## Exercise instructions
No pictures belong in the copy. Set down exactly the lines from the one that contains "бронзовая медаль Генерал" through the end of the data.

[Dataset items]
--------------------------------
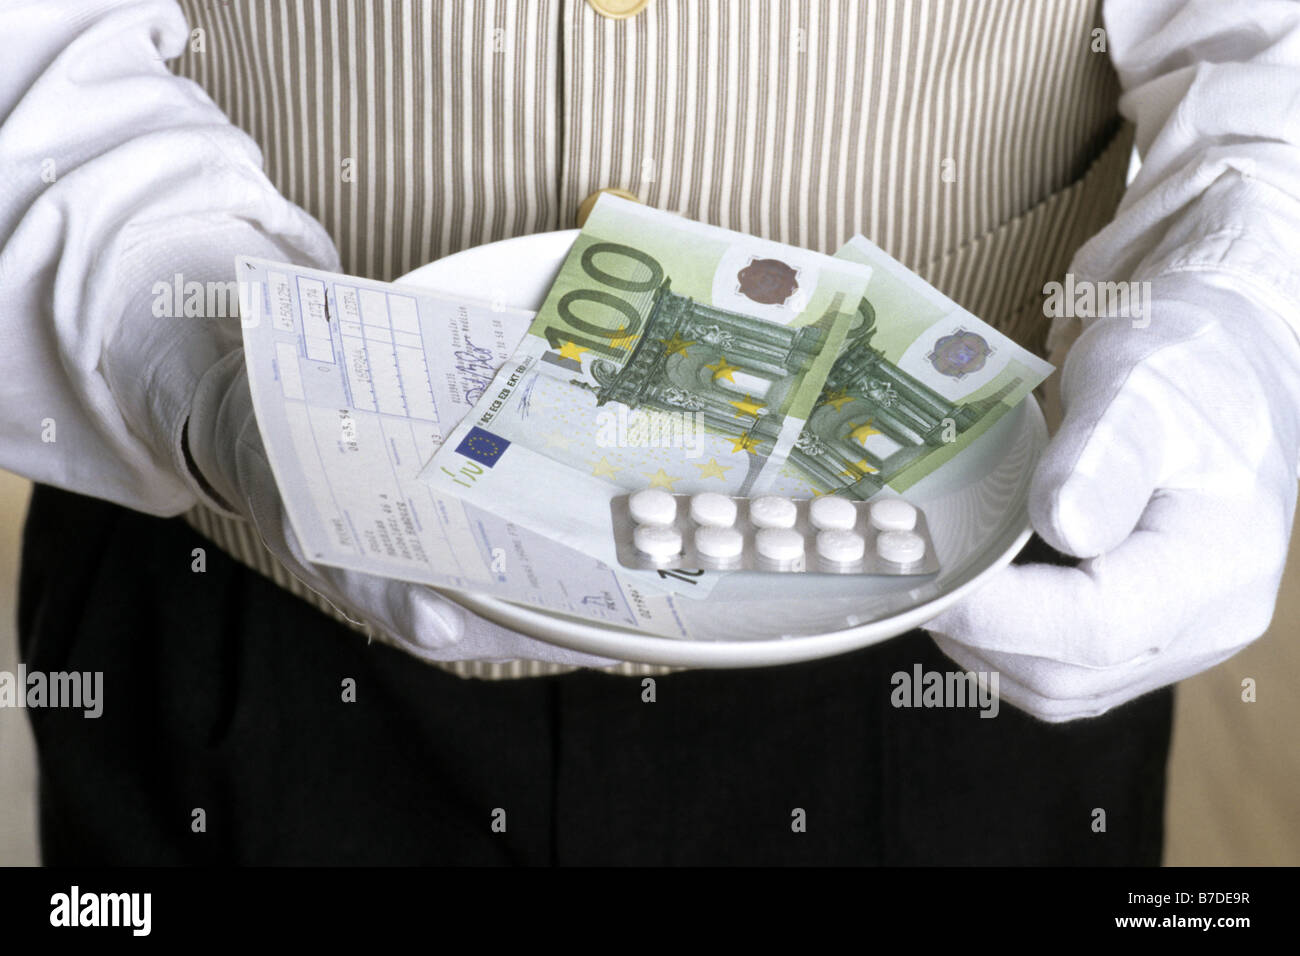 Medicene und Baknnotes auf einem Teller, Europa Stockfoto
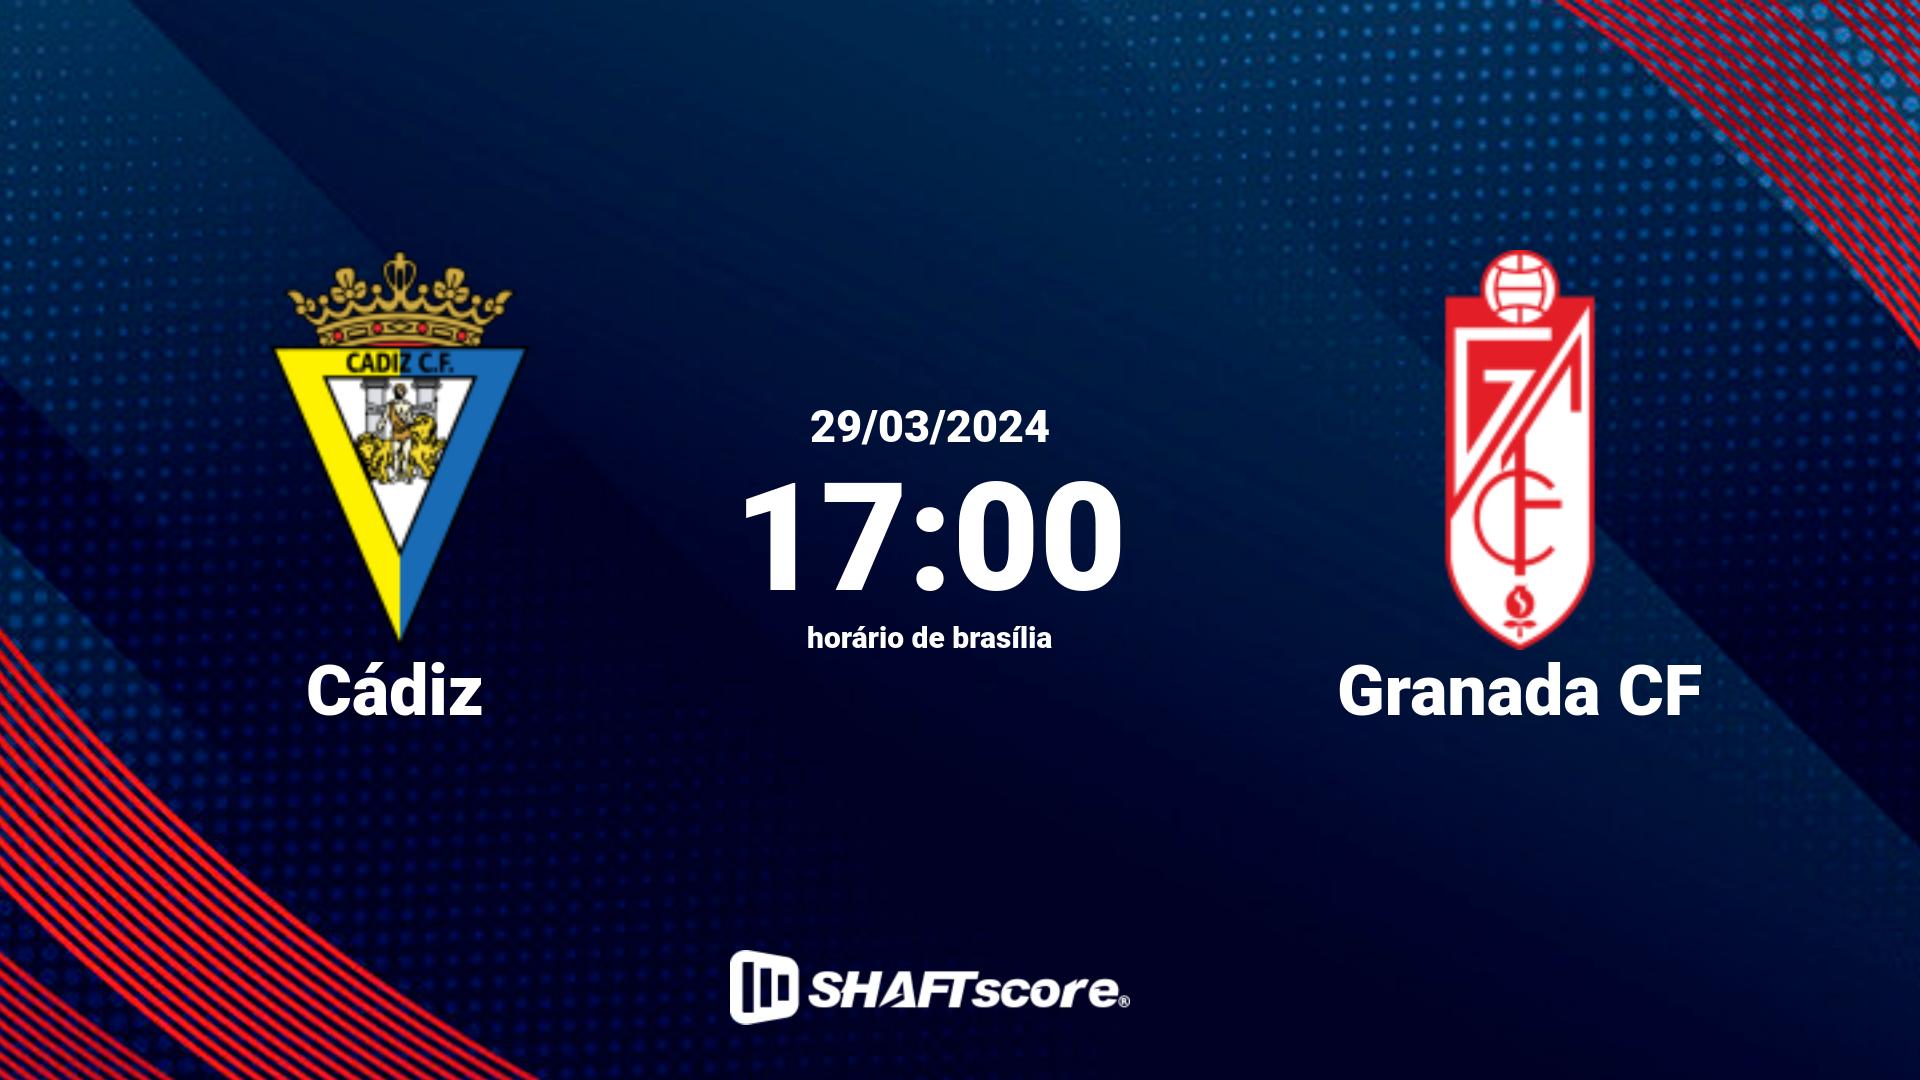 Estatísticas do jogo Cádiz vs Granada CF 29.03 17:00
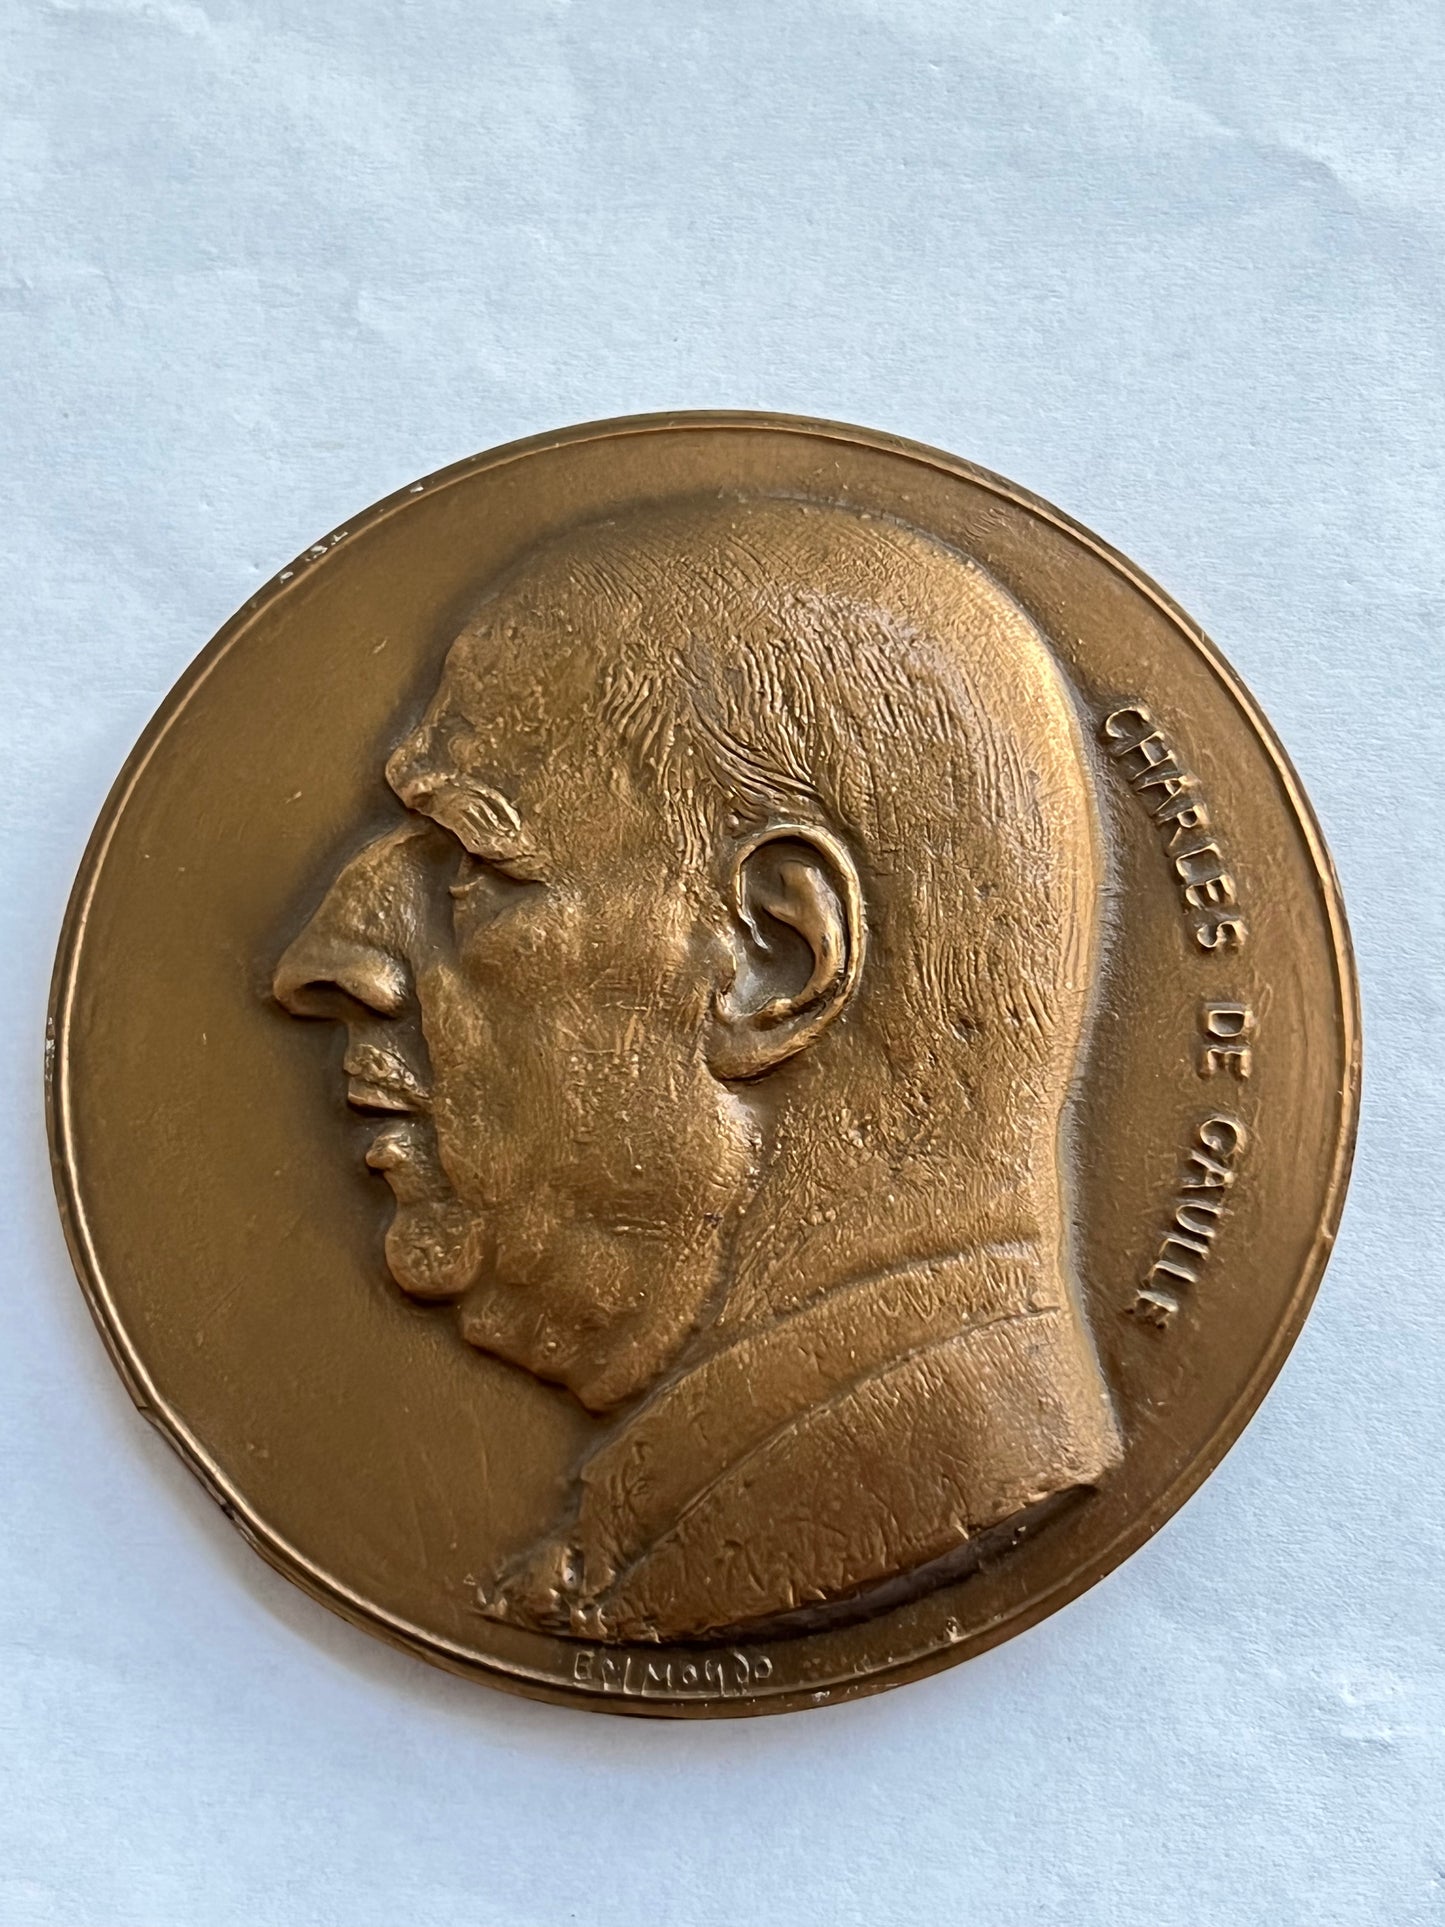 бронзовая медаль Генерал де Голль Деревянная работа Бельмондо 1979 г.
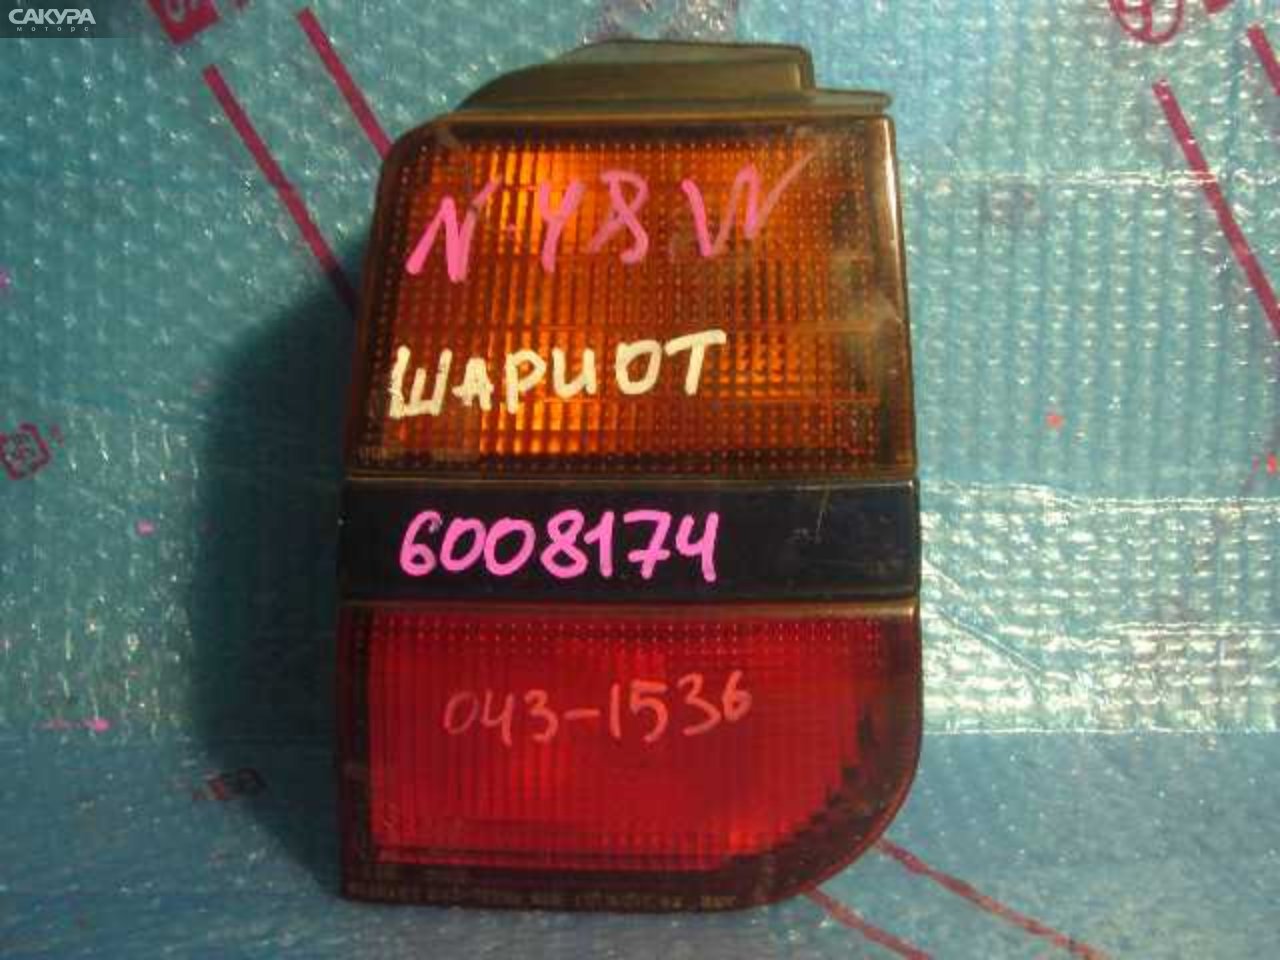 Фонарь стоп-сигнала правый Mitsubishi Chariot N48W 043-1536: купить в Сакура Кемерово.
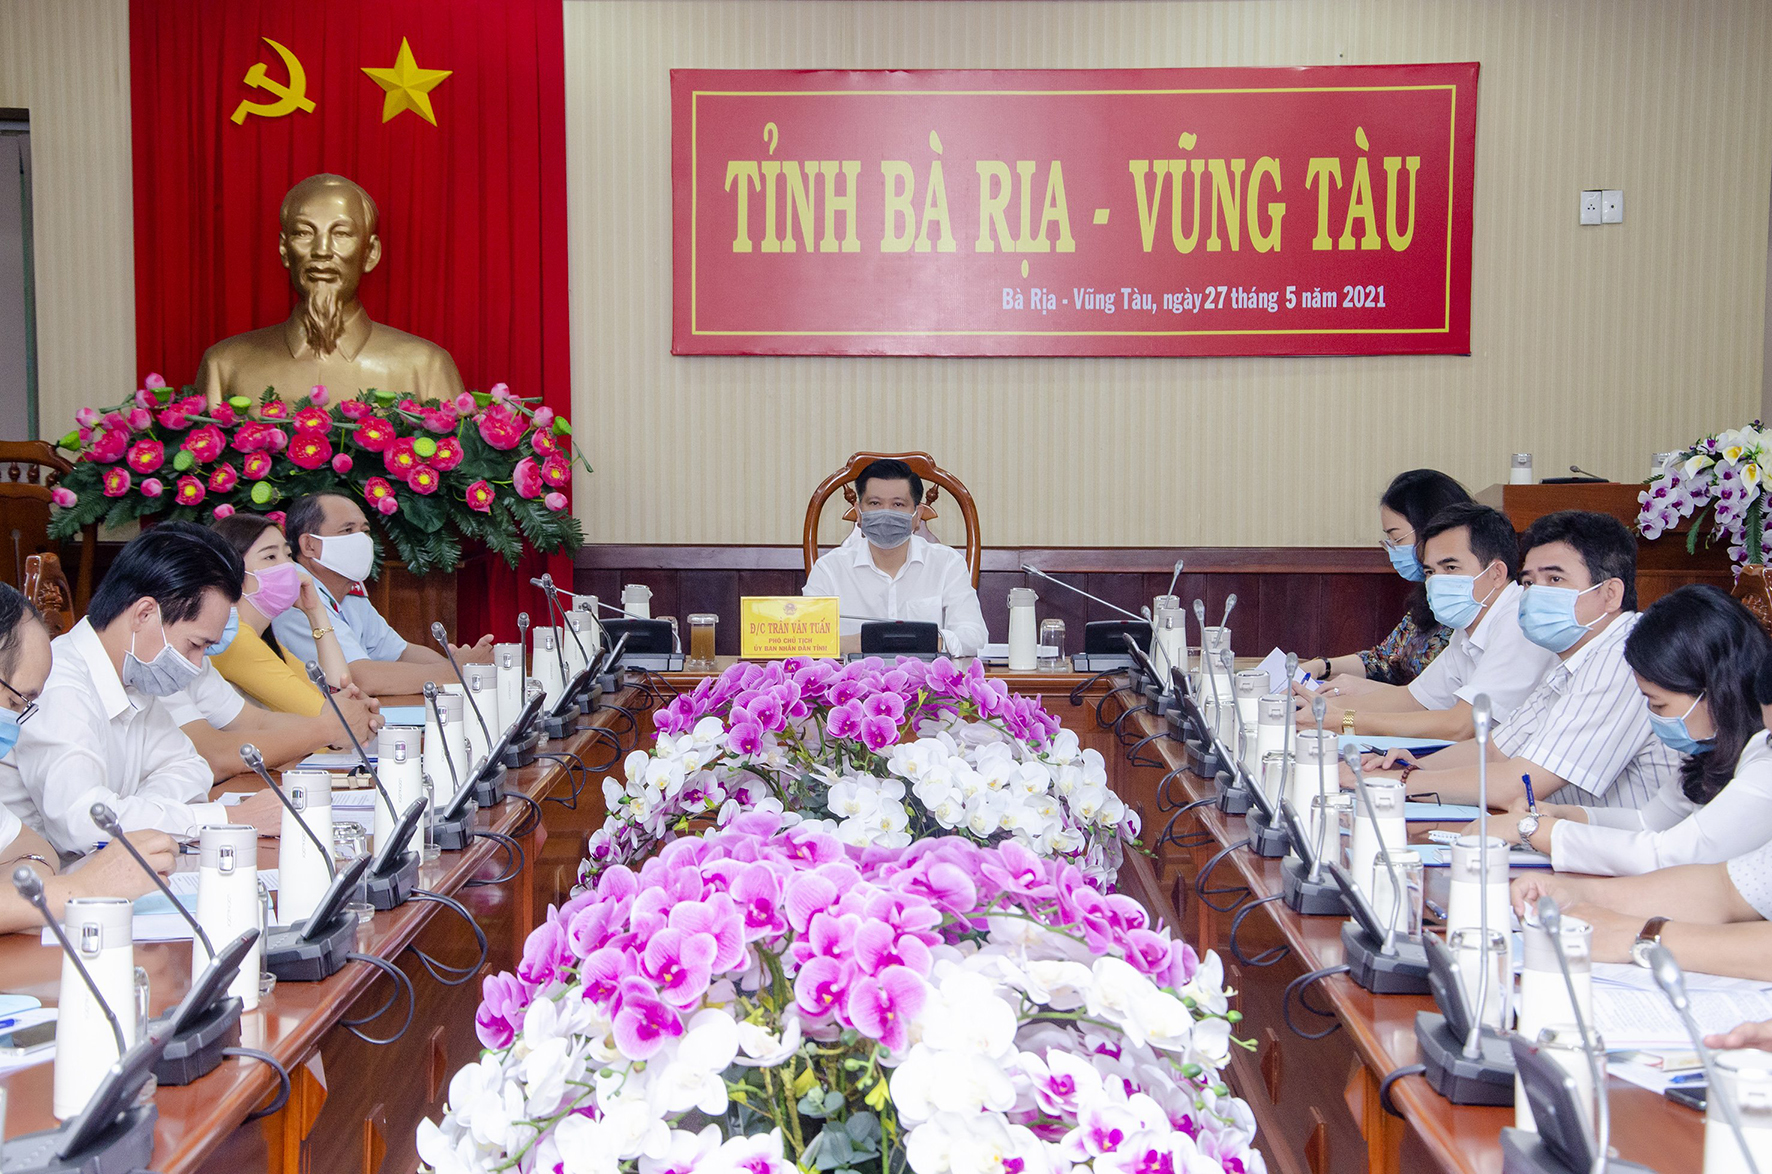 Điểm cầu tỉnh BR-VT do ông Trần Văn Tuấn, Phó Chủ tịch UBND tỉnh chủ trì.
--------------------------------
## Response to this task
 бронзовая медаль Генерал де Голль Деревянная работа Бельмондо 1979 г.
 Фонарь стоп-сигнала правый Mitsubishi Chariot N48W 043-1536: купить в Сакура Кемерово.
 Điểm cầu tỉnh BR-VT do ông Trần Văn Tuấn, Phó Chủ tịch UBND tỉnh chủ trì.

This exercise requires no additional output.